For these reasons, social choice experts rank plurality voting at the bottom of the heap. Only dictatorship and random choice are lower.
Ranked Choice Voting (RCV) allows you to rank every candidate. This is an enormous improvement over plurality voting, but RCV is susceptible to spoilers. Sarah Palin, through no fault of her own, spoiled the chances of fellow Republican Nick Begich, electing Democrat Mary Peltola in a 2022 congressional election. The ballots clearly showed that Begich would have beaten both Peltola and Palin one on one. Eventually, a Democrat will lose an RCV election in the same way.
BTR-Score
BTR-Score (Score Voting with a Bottom Two Runoff) has all the advantages of Ranked Choice Voting, but it is not susceptible to spoilers.
BTR-Score lets you rate each candidate.

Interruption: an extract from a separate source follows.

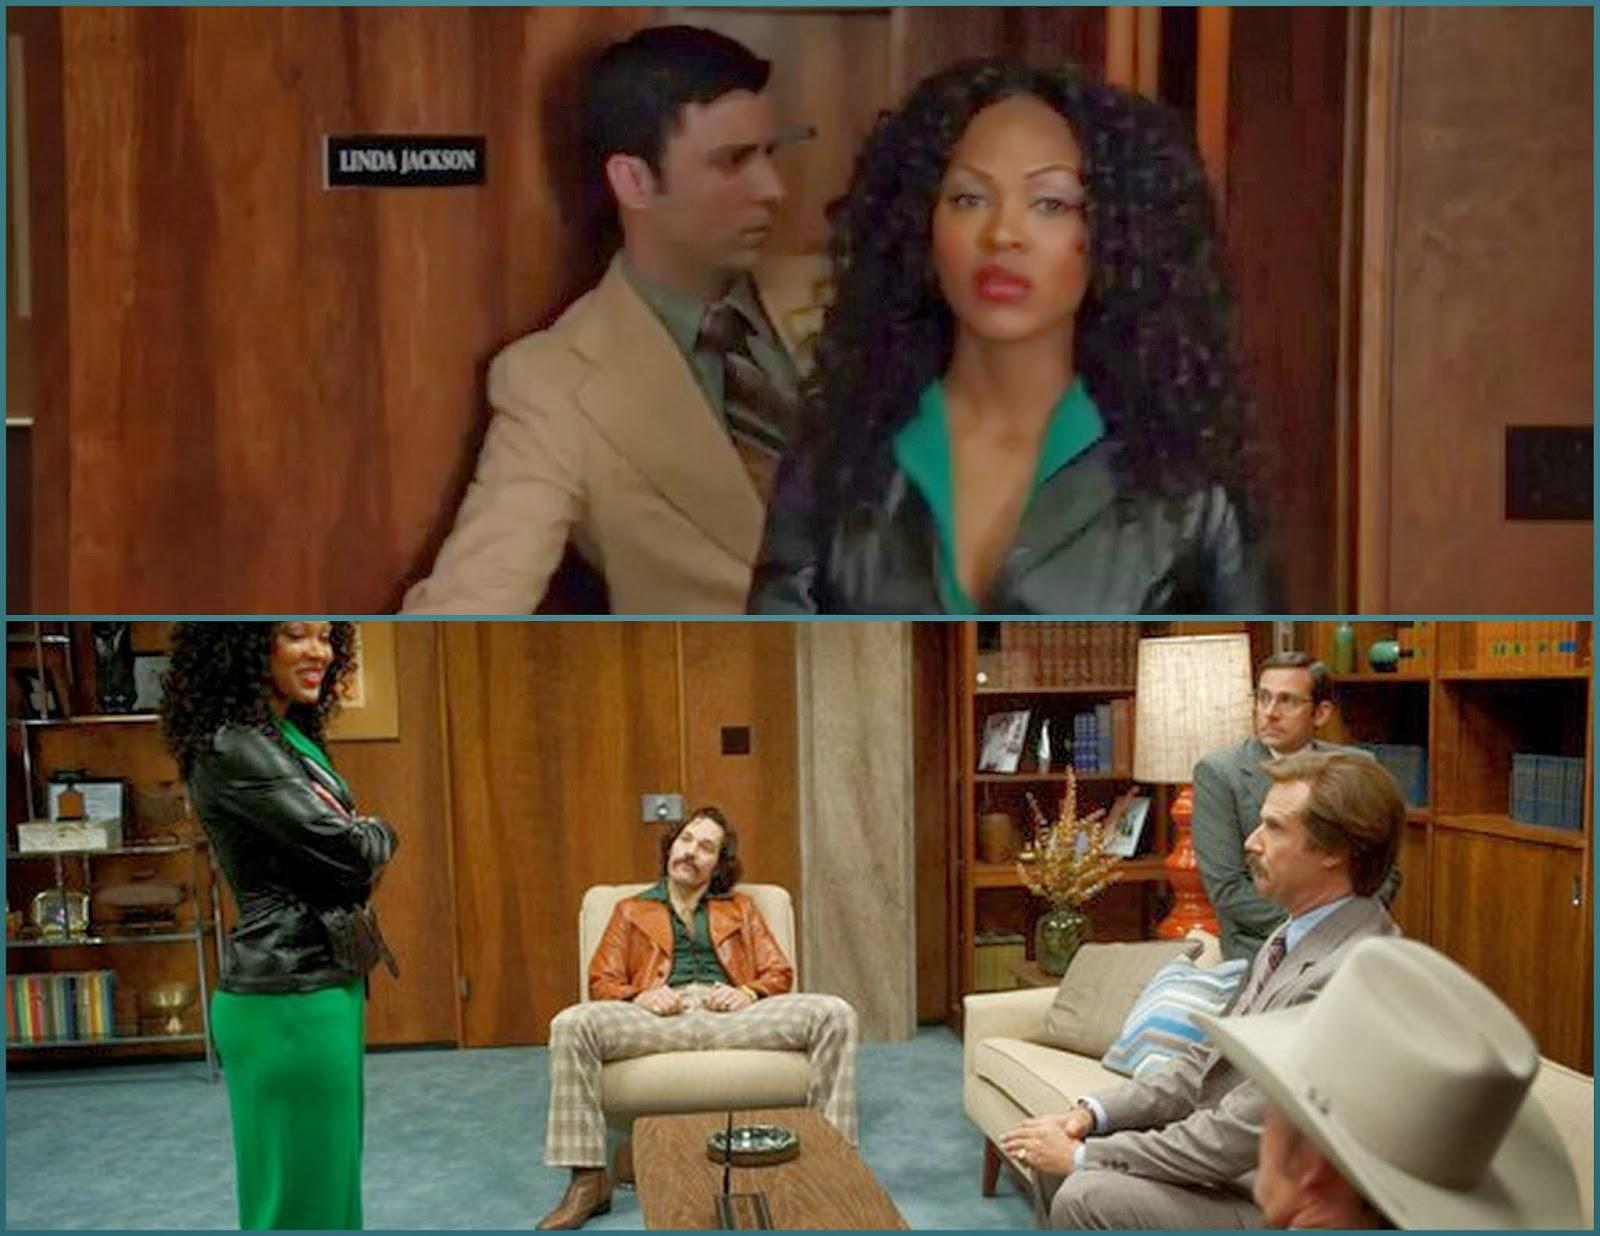 anchorman 2 trailer latino dating

Give your favorite candidate a 10 and the worst candidate a zero. Rate the other candidates in comparison. Ties are allowed. Each candidate’s total score is determined. An instant runoff tournament is seeded with the scores. The highest total score earns the top seed; the candidate with the lowest score is the bottom seed.
In the tournament’s first contest, the candidates with the two lowest scores compete. The candidate preferred on most ballots wins. In the next contest, that winner goes against the next lowest candidate. This continues until a surviving candidate meets the highest seed; that contest elects the winner.
If you rated Candidate B a 7, and Candidate C a 3, your vote will go to Candidate B when B and C meet in the tournament. If you gave B and C equal scores, your vote does not help or harm either candidate.
As a Condorcet method, BTR-Score will always elect the candidate who can beat all other candidates one-on-one. In the rare election with no “beats all” winner, BTR-Score will elect a deserving winner, the champion of the tournament. Ramon Llull proposed the “beats all” concept in 1299. Nicolas Caritat, the Marquis de Condorcet, popularized “beats all” methods in the late 18th century.
BTR-Score is as fair and reliable as it gets for single-winner voting methods. Because it is a Condorcet method, we know exactly what it will do; it needs no additional testing.
The only problem with BTR-Score is that nobody knows about it. It has been discussed on the Voting Theory Forum, a few Reddit posts and our website, that’s it. I am not aware of any government election using BTR-Score.
Defenders of the status quo will say that we cannot use BTR-Score in American elections because BTR-Score has not been used American elections. They support plurality voting because it's flaws protect the dominant party in each state and district.
Our Goal
Introduce BTR-Score to the world by persuading a government to use it in their elections.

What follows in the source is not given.